[WHAT IS NEEDED]
I need the lines from the one holding "中国新年灯笼 中国 新年 灯笼 春节 海报素材" to the last line of the data below repeated exactly, both included, without pictures.

[GIVEN DATA]
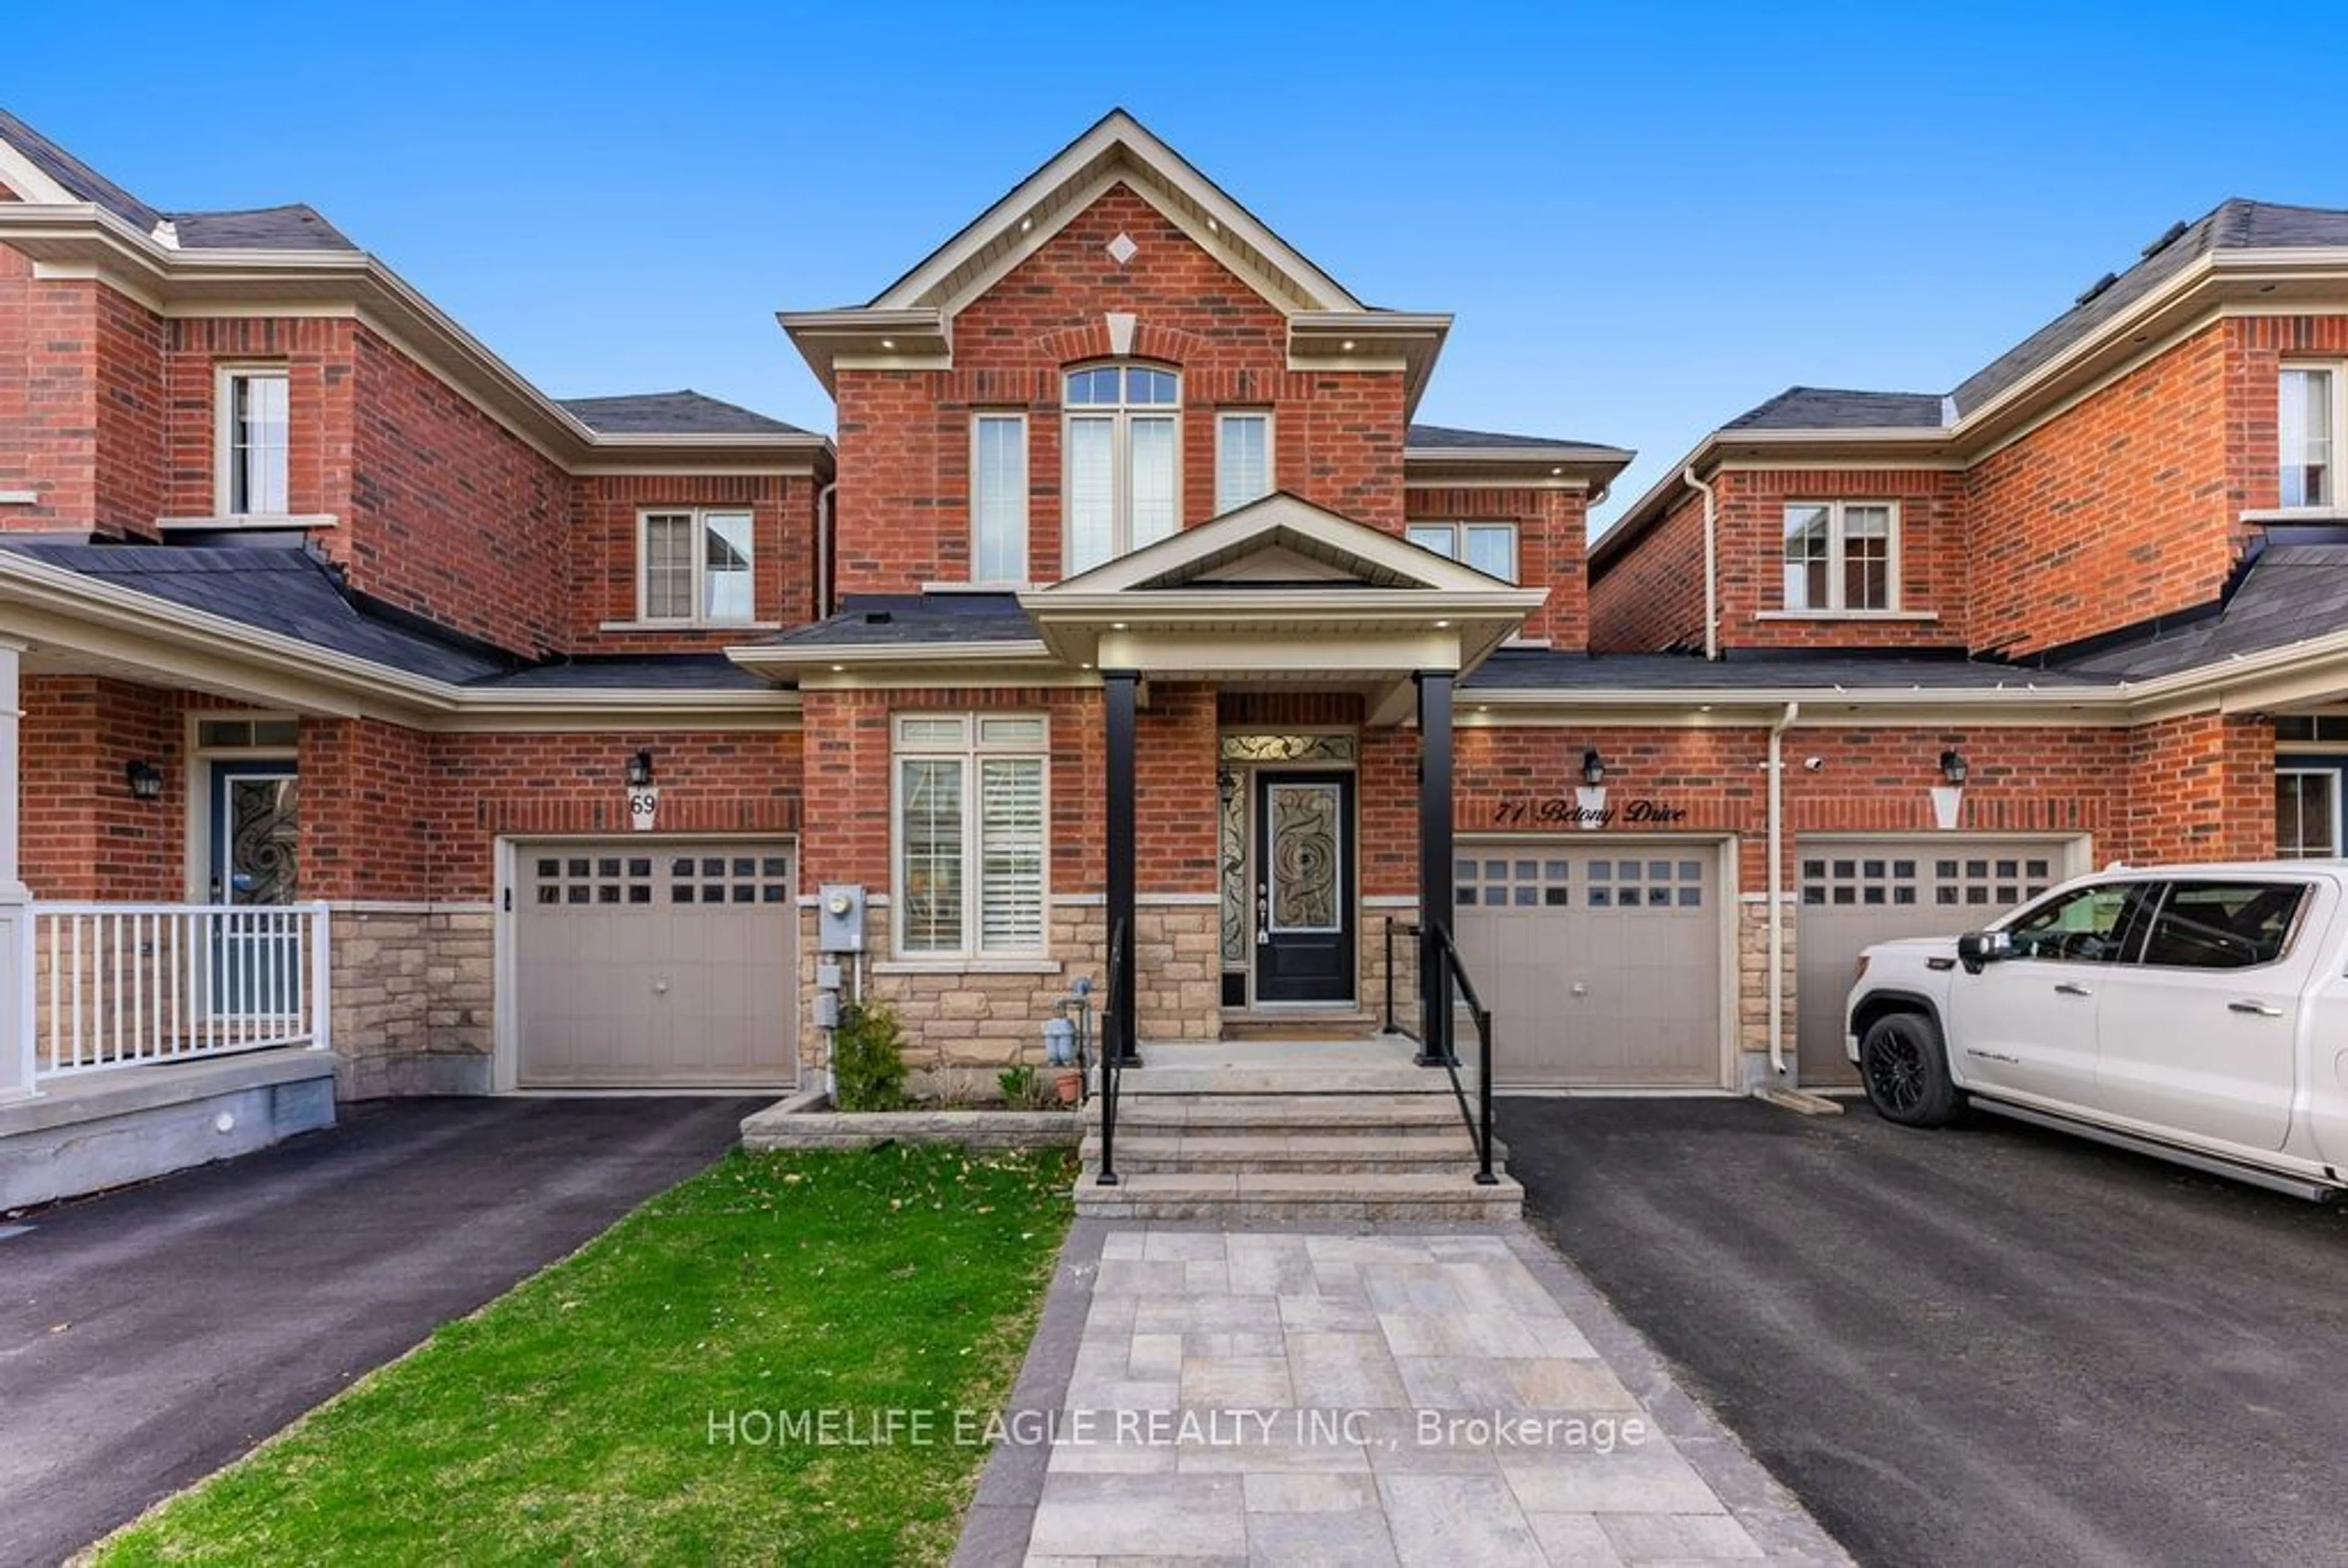 Home with brick exterior material for 71 Betony Dr, Richmond Hill Ontario L4E 0V6
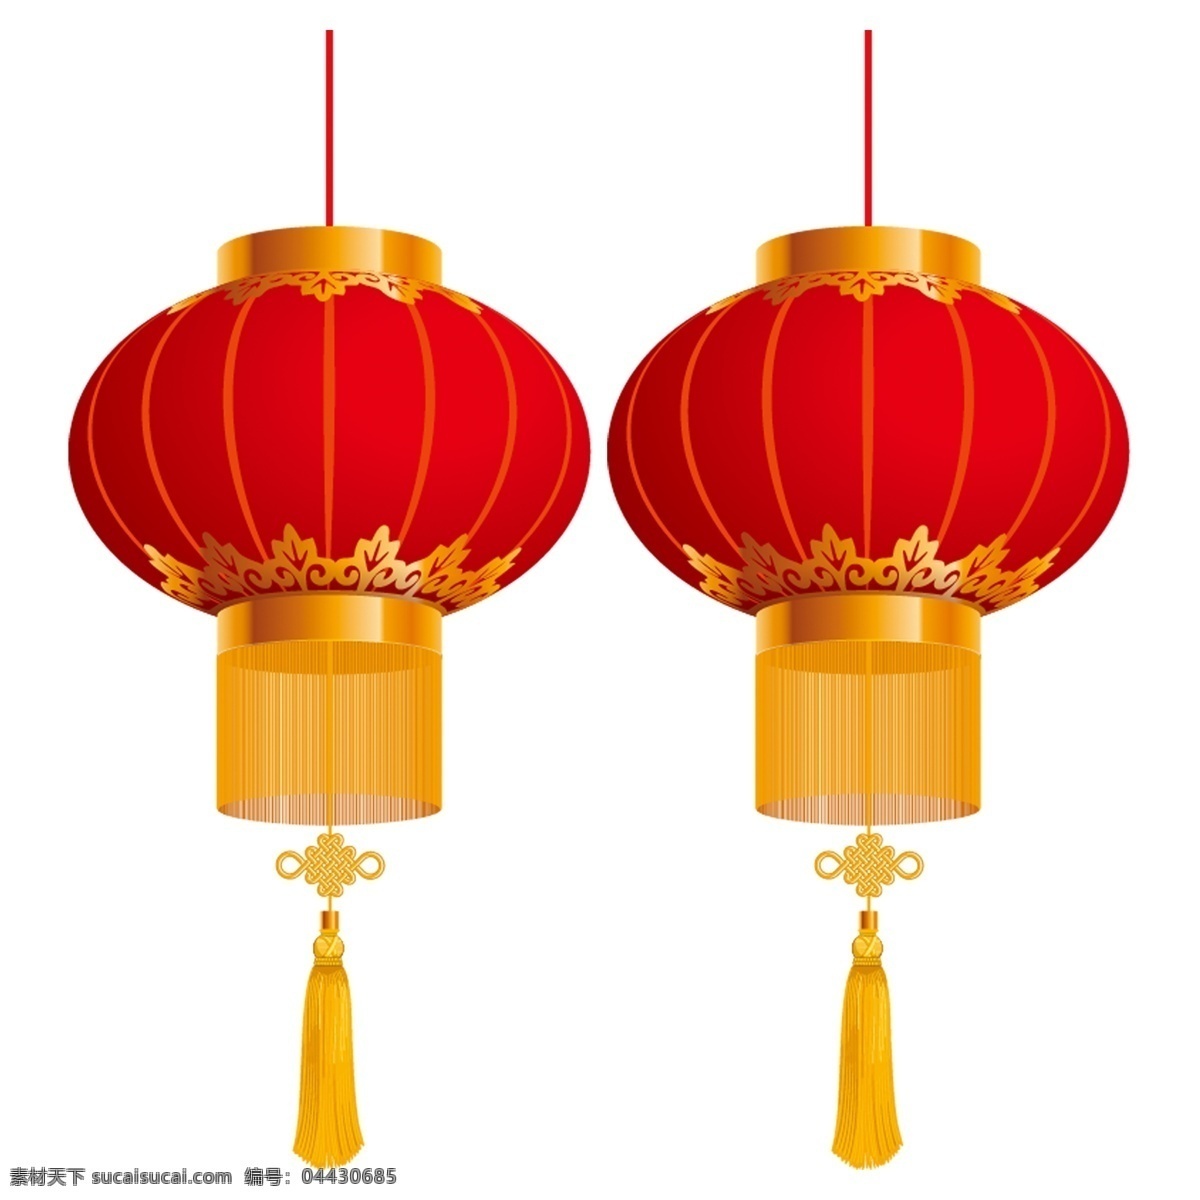 中国新年灯笼 中国 新年 灯笼 春节 海报素材
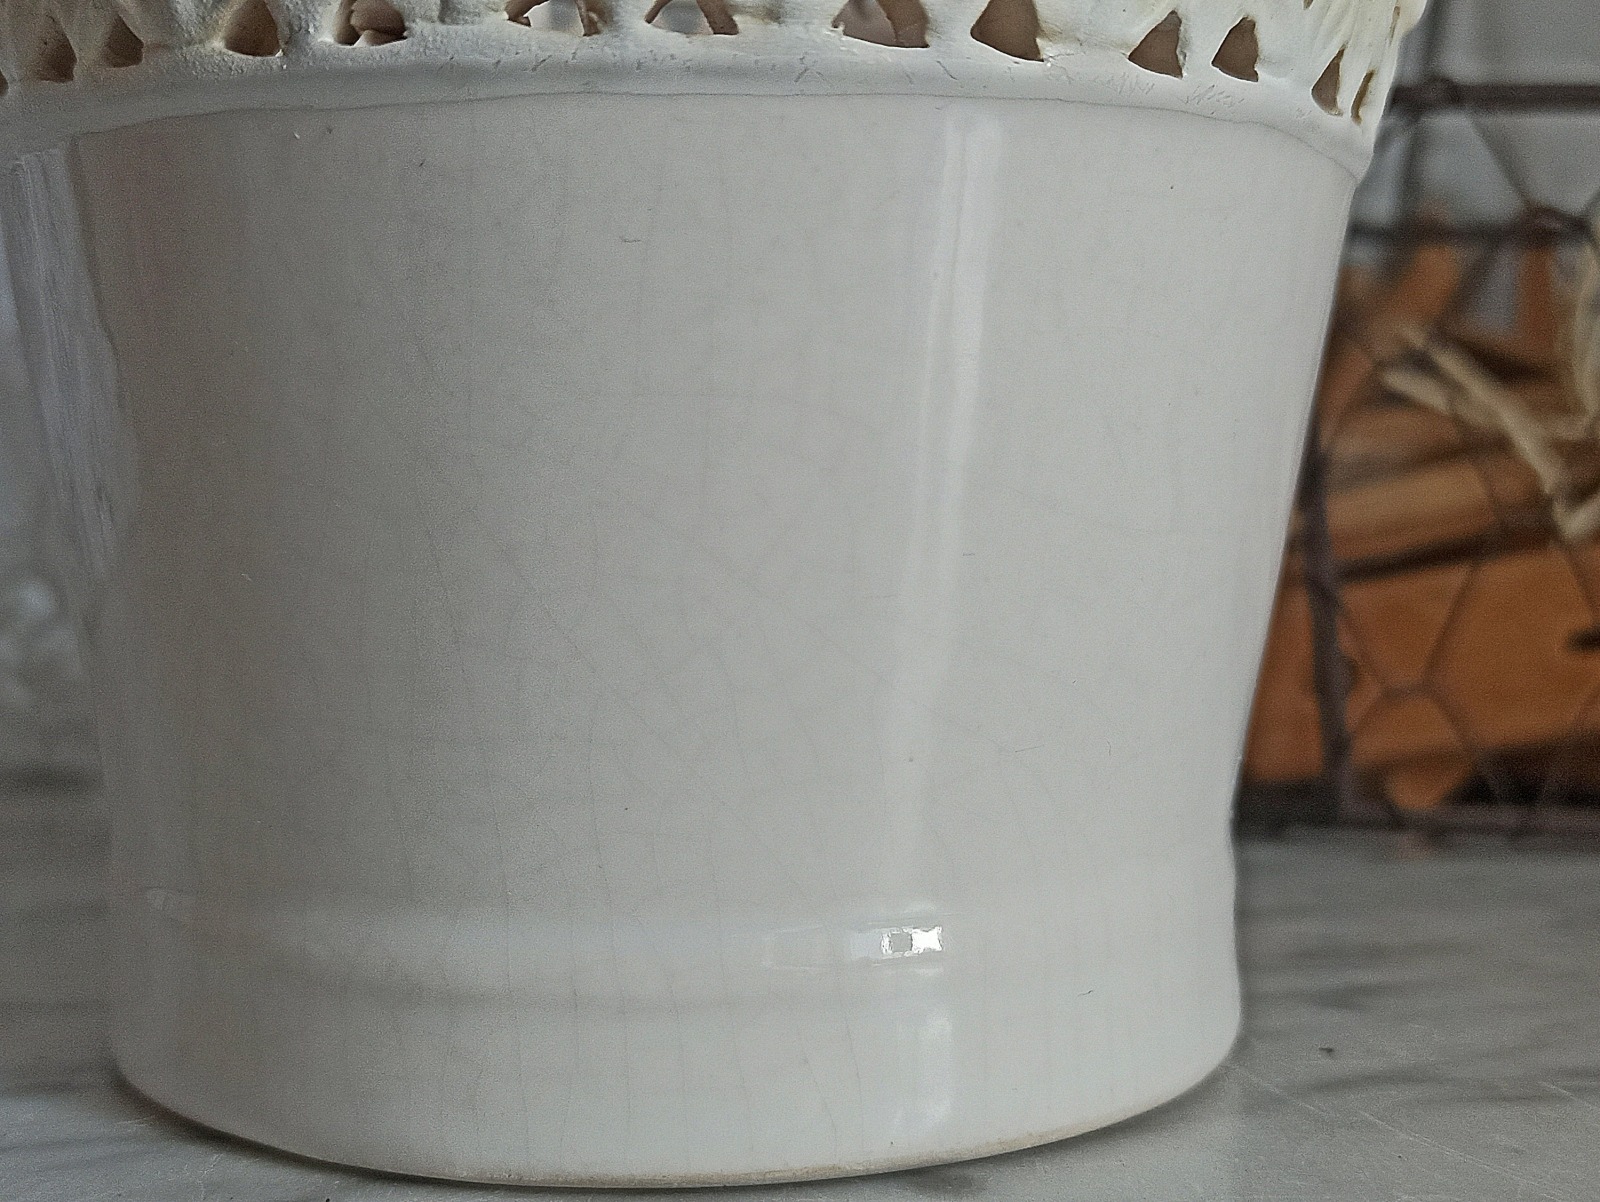 kleiner Blumentopf aus Keramik mit Edelweiß Dekor / Übertopf in weiß / Keramik Übertopf 4

[RESPONSE]
 中国新年灯笼 中国 新年 灯笼 春节 海报素材
 kleiner Blumentopf aus Keramik mit Edelweiß Dekor / Übertopf in weiß / Keramik Übertopf 4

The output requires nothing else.